Nikki and I went out to dinner and a show last night and didn’t get home and to bed until 11pm so I “let myself sleep in” and didn’t get up until 4am so I’m skipping packing lunches this morning so I can make sure I have time to update this ole blog before going for a run.
Yesterday went well. Days I eat right and run always go better than other days. I printed 3 pages of licensed counselors, Psychiatrists, and Psychologists that are covered by my insurance. I got frustrated though because the first few counselors I googled were all faith-based so I skipped that list and went to the Psych portion. The first few I googled specialized in childhood behavior disorders so those wouldn’t work. The, while going through the lists and noticing a bunch of doctors using the same addresses, I TWO “groups” that had several doctors covered. Since I didn’t have time to Google everyone I decided to call both of those offices and just see if they could see who was covered and tell them if any of them specialize in People Like Me. I called both and got put on a phone line to leave my name/number for a follow-up.
That’s where we’re at. I’m hoping I get follow-ups today as I didn’t call until about 2pm yesterday.
I do feel like there has to be a better system than calling ON THE PHONE and then having to say, “I need a therapist,” because JEEZUS I avoided that. I used the word “counselor” which was confusing because I was calling about a Psychiatrist at the one number so I need to just OWN it. “My name is Kim. Life is hard for me right now. I Need someone to help me.”
And thank you for everyone who reached out and encouraged me not to avoid meds. I explained to some of you – it’s a weird hang-up I have. In my head, no matter how bad it gets, I just say, “If it gets worse I’ll get a therapist, and then if it gets worse I’ll get meds.” So those are my safety nets and I’m landing on “therapist” one first but knowing that “medication” one is still there is good and weirdly comforting. I have this anxiety that if I start taking meds and I’m still having waves OF THE KRAZEE then what?
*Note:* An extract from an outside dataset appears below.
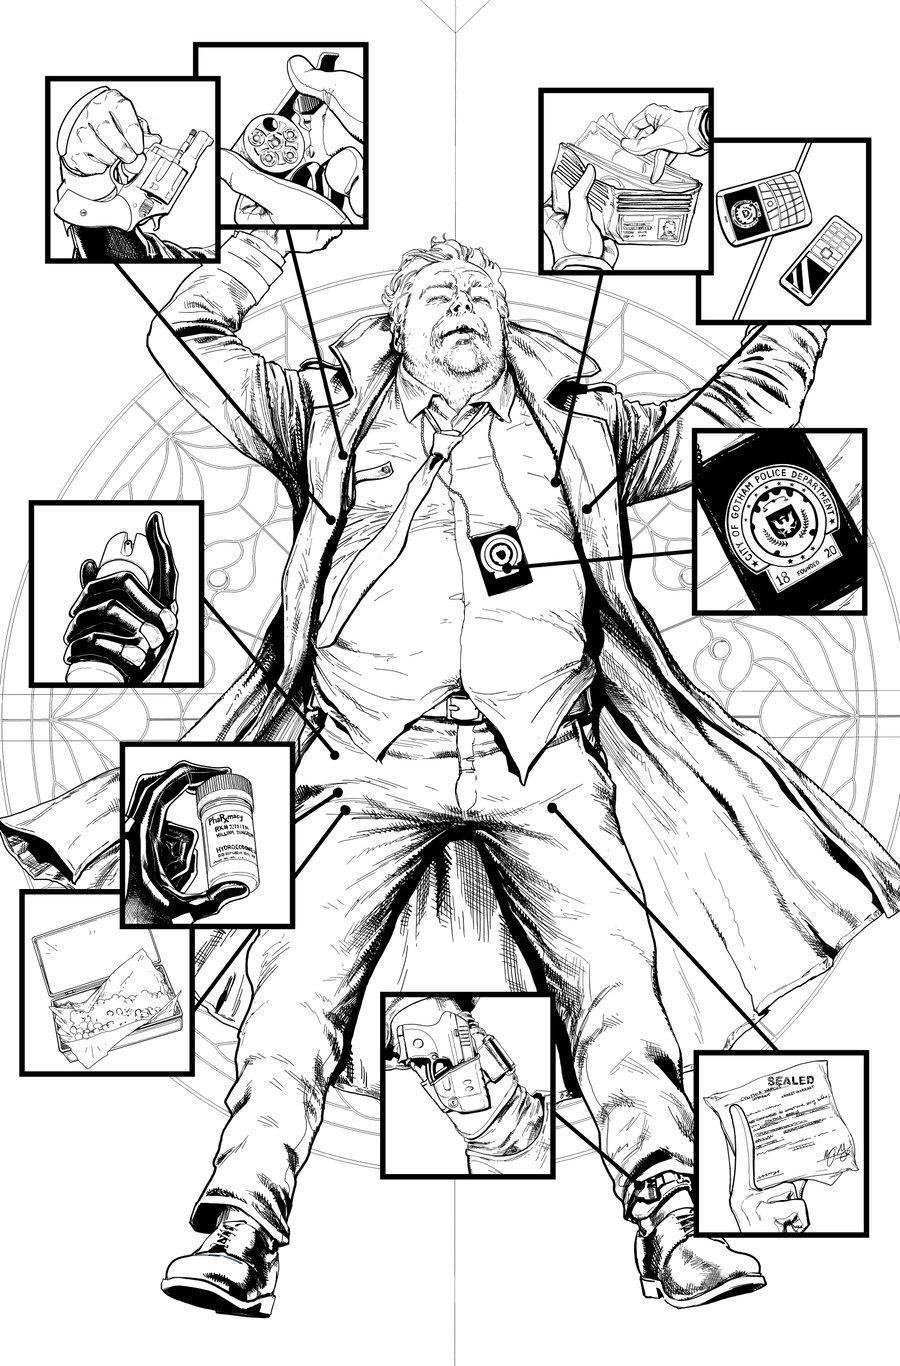 Image of Detective Comics #1027 p.06 ARTIST'S PROOF

WHAT IF I AM UNFIXABLE?
I know. Dumb. But the explanation to the order of things. I also have fears of side effects and the neutralizing of other extreme parts of my mind that I like, but we’ll save that for another day.
SO. I made steps. And I knew you guys would be making sure I did so I’m making time after a late night to post about it here. Thank you all for making me feel less crazy. I have a select few close influences that sometimes ride the “Just be happy!” or “Just exercise!” or “Just eat better!” train so it’s hard having those voices not in my head all the time. Thank you for telling me the other side.